Hearing loss, hearing impairment, or deafness, is a partial or total inability to hear. In children it may affect the development of language and can cause work related difficulties for adults.

It is caused by many factors, including: genetics, aging, exposure to noise, illness, chemicals and physical trauma. Hearing testing may be used to determine the severity of the hearing loss. While the results are expressed in decibels, hearing loss is usually described as mild, mild-moderate, moderate, moderately severe, severe, or profound. Hearing loss is usually acquired by a person who at some point in life had no hearing impairment.

There are a number of measures that can prevent hearing loss and include avoidance of loud noise, chemical agents, and physical trauma.
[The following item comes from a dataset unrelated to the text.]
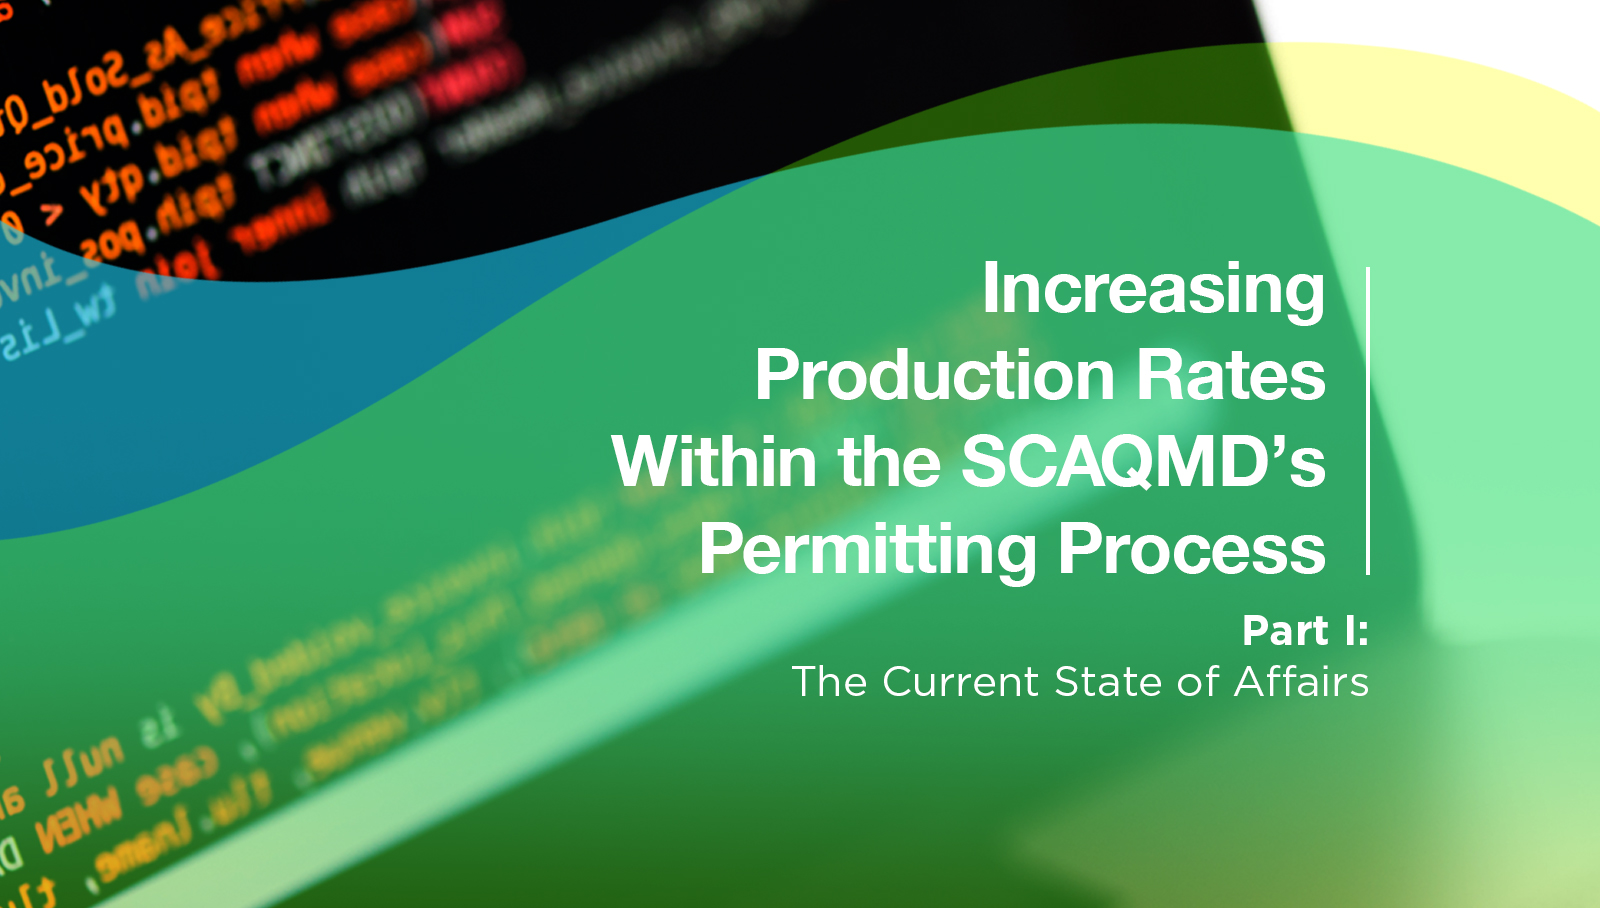 Increasing Production Rates Within the SCAQMD’s Permitting Process, Part I: The Current State of Affairs

Testing for poor hearing is recommended for all newborns. But, in some cases such as due to disease, illness, or genetics, it is impossible to reverse or prevent. Hearing aids are partially effective for many.

Globally hearing loss affects about 10% of the population to some degree. It caused moderate to severe disability in 124 million people as of 2004 (108 million of whom are in low and middle income countries). Of these 65 million developed the condition during childhood. It is one of the most common medical conditions presenting to physicians. It is viewed by some in the deaf community as a condition, not an illness. Treatments such as cochlear implants have caused controversy in the deaf community.